- _Provided material_
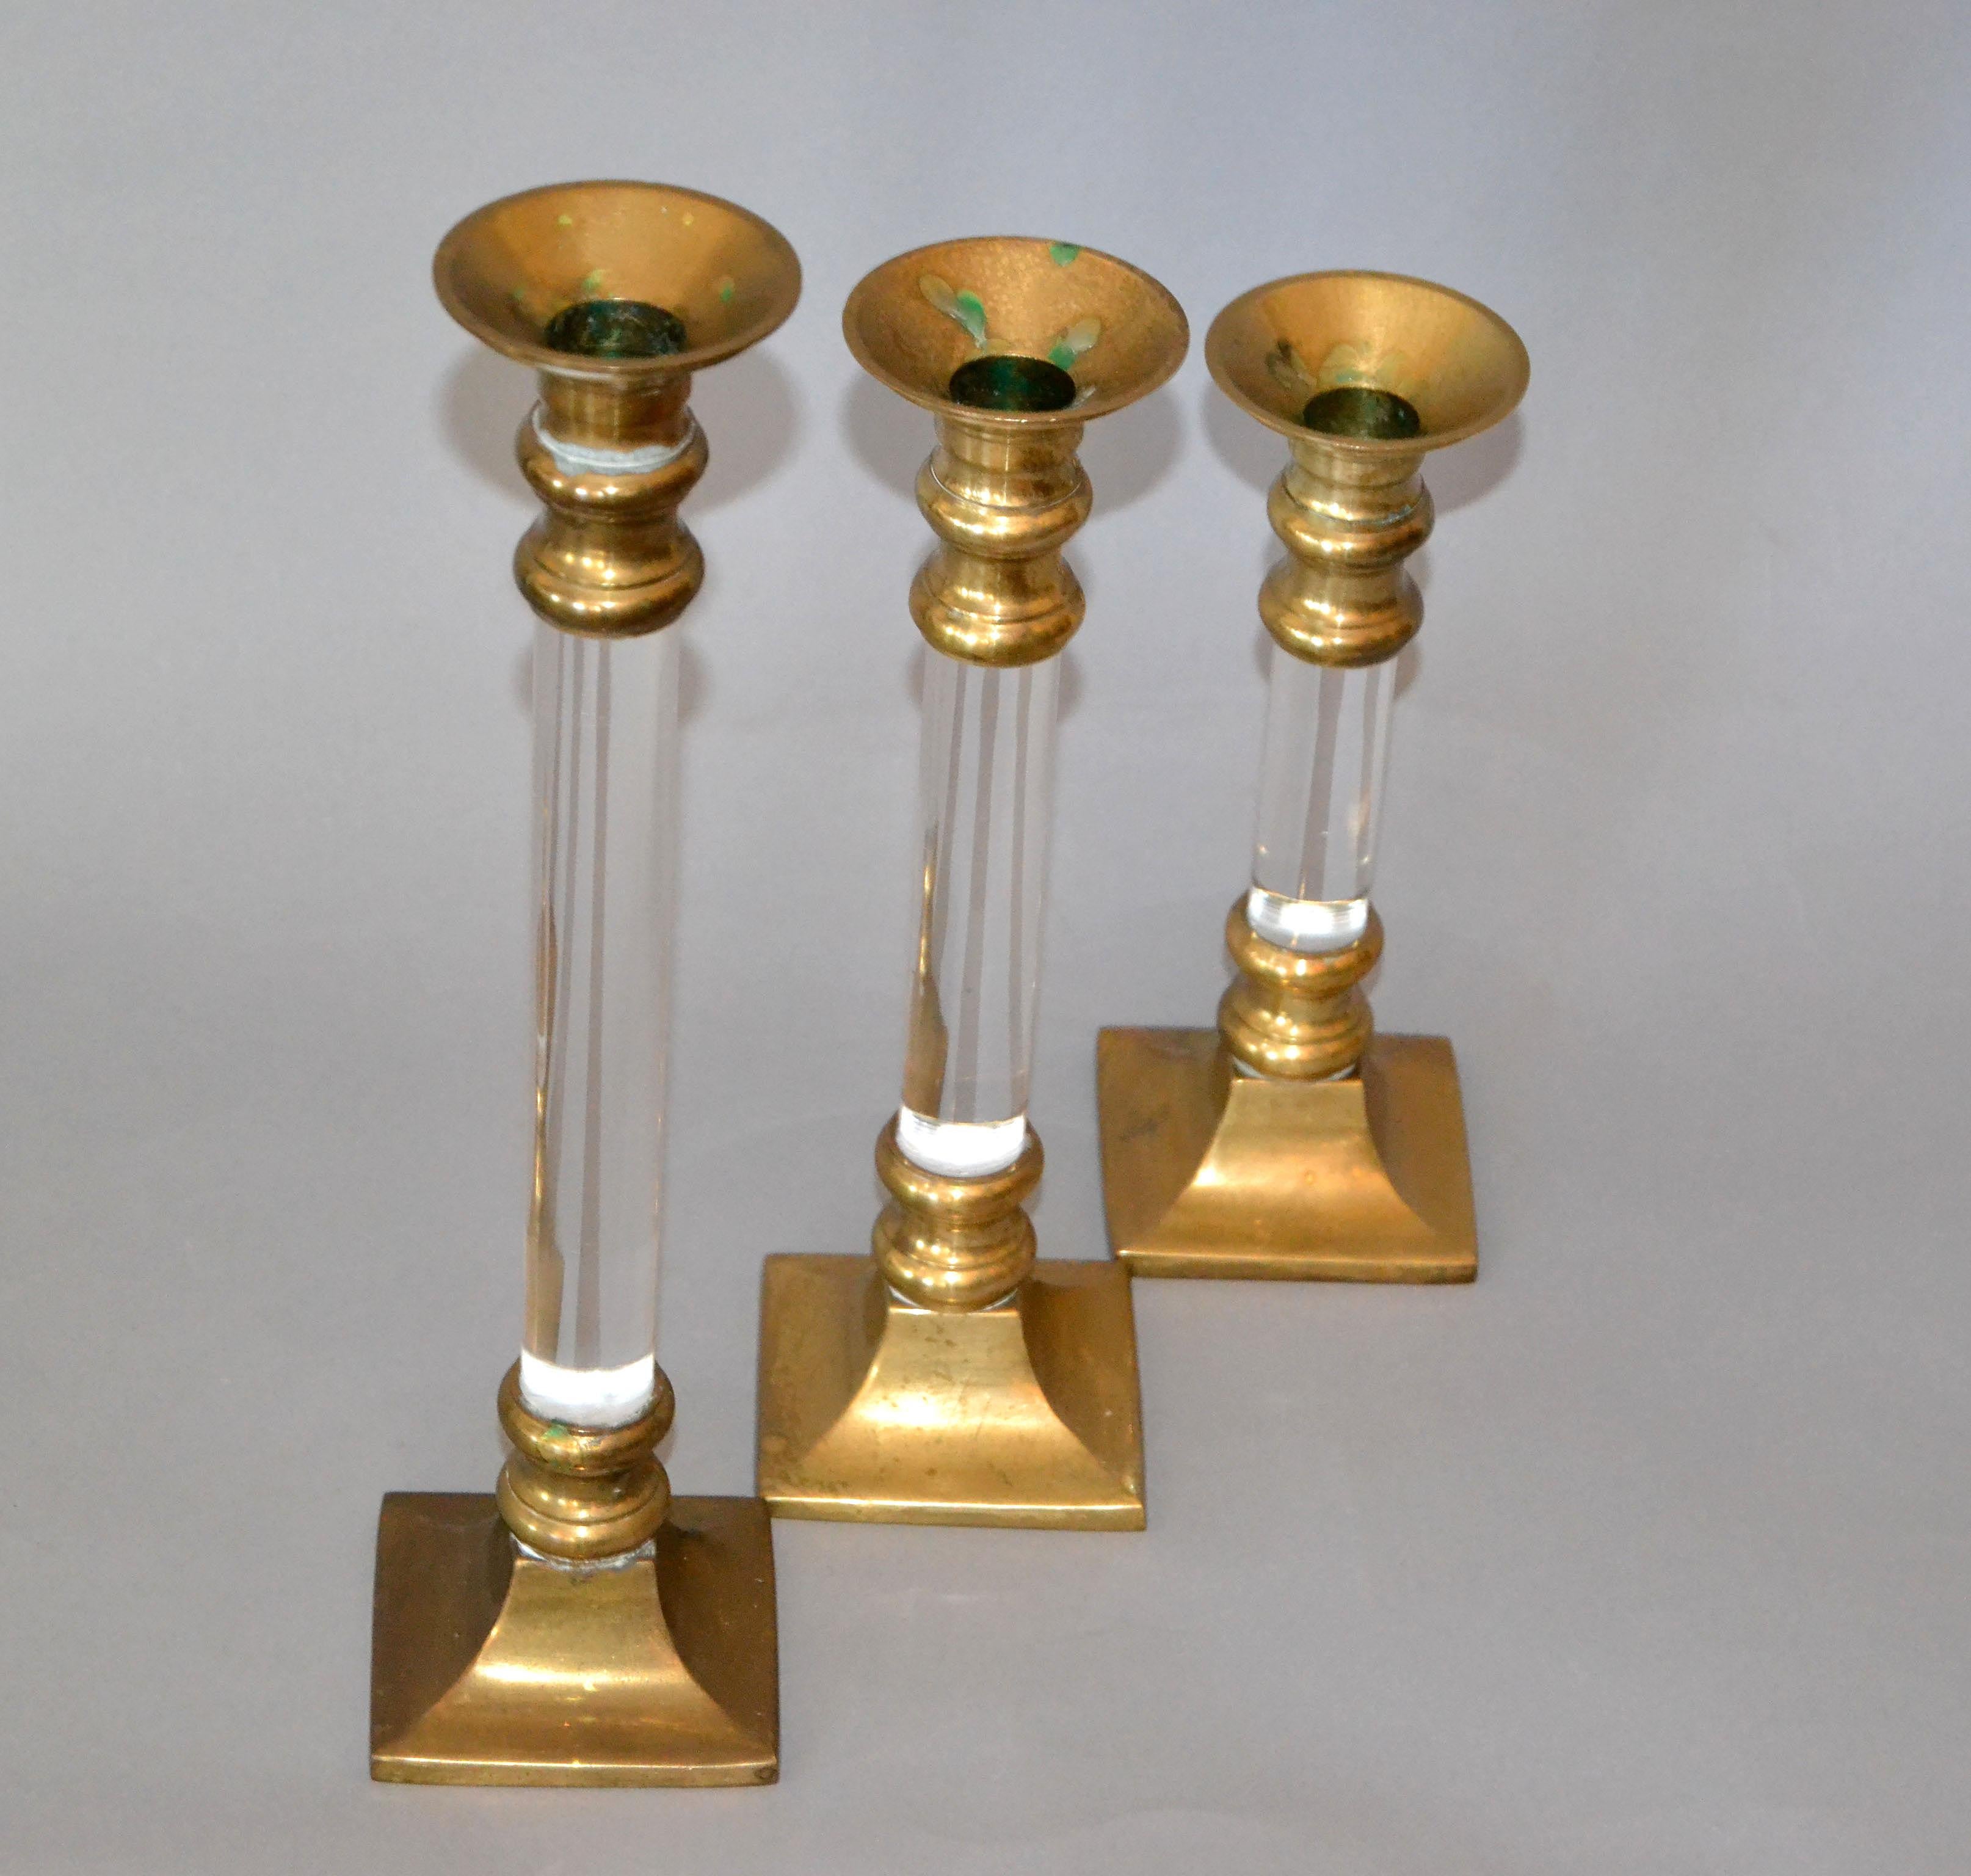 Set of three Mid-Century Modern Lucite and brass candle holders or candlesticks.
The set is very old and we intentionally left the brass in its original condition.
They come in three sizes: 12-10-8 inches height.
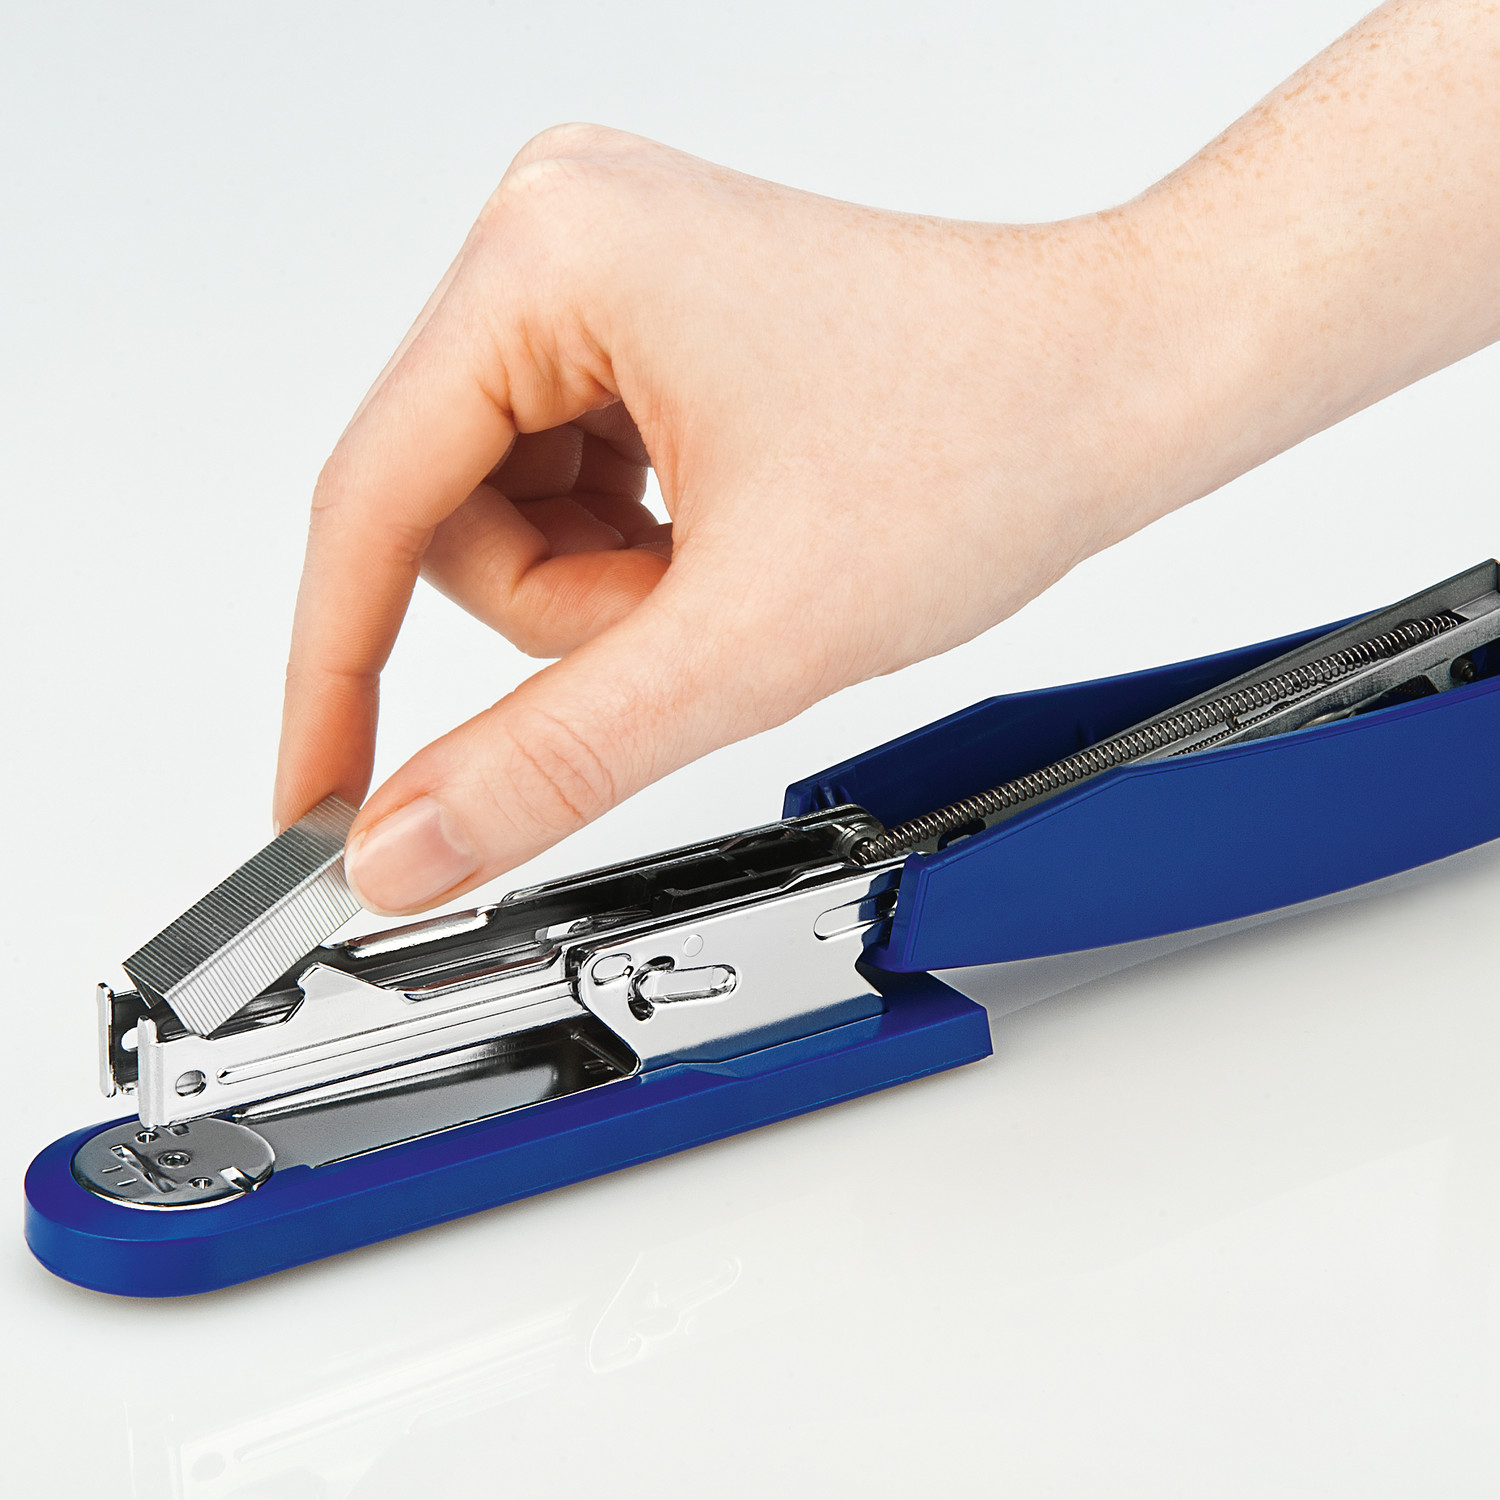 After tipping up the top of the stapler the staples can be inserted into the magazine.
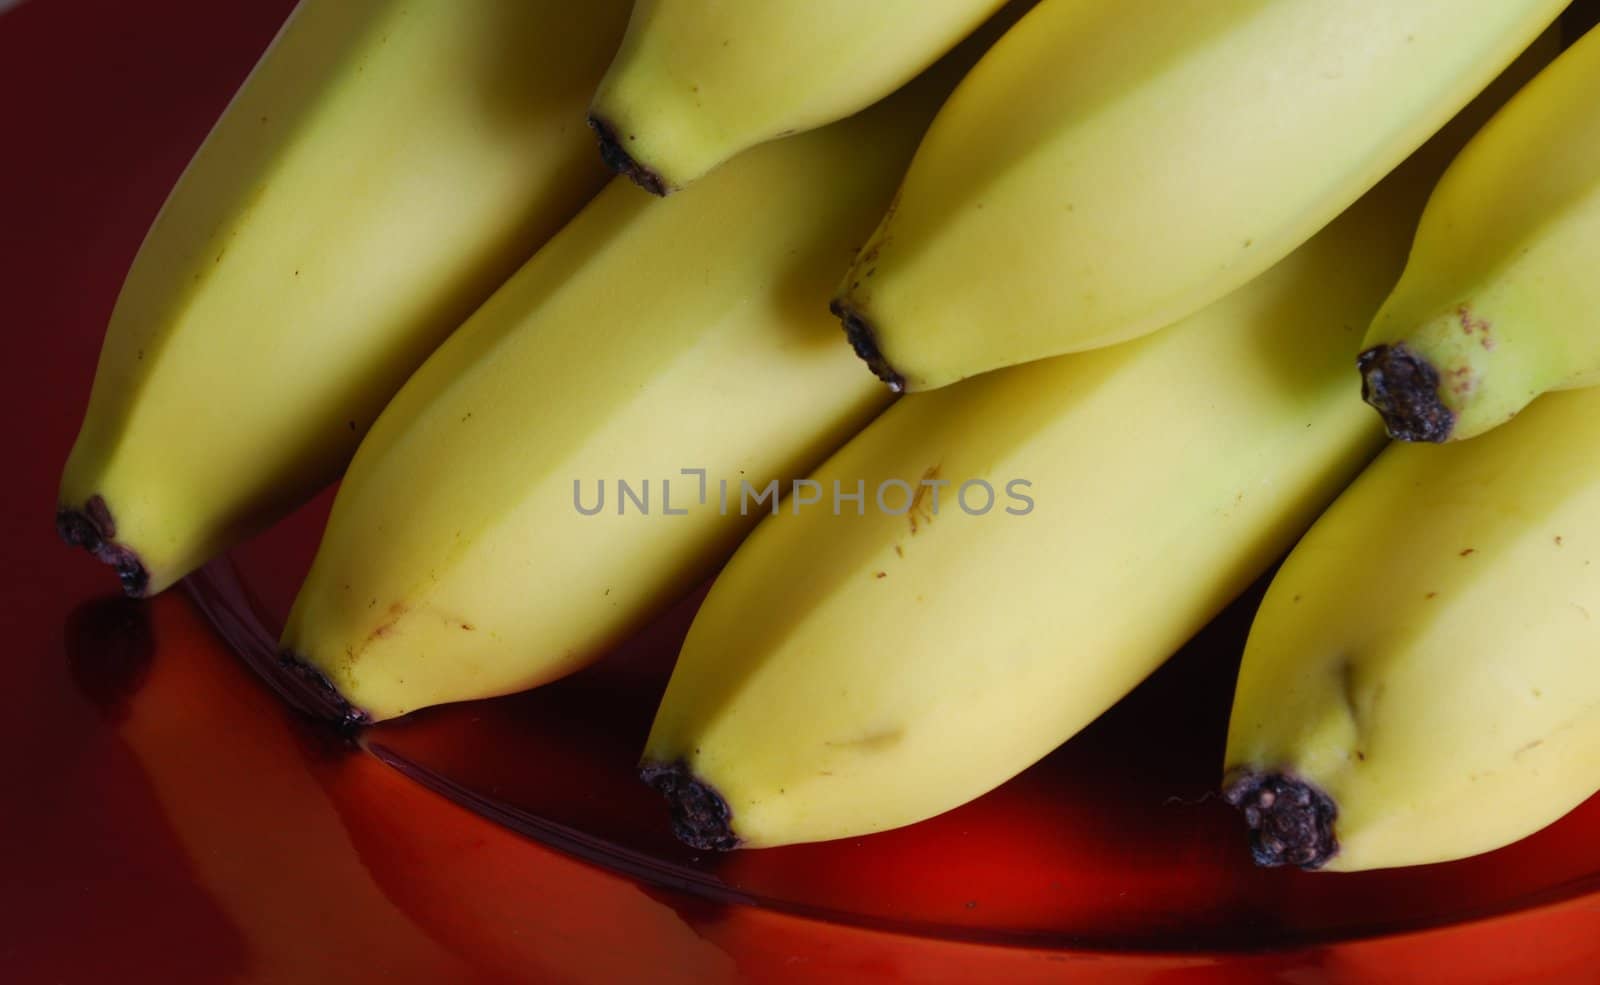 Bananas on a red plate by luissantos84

- _Exercise description_
Give back only the lines from the one that carries "They come in" through the final line above, both included. Drop all pictures.

- _Written response_
They come in three sizes: 12-10-8 inches height.
 After tipping up the top of the stapler the staples can be inserted into the magazine.
 Bananas on a red plate by luissantos84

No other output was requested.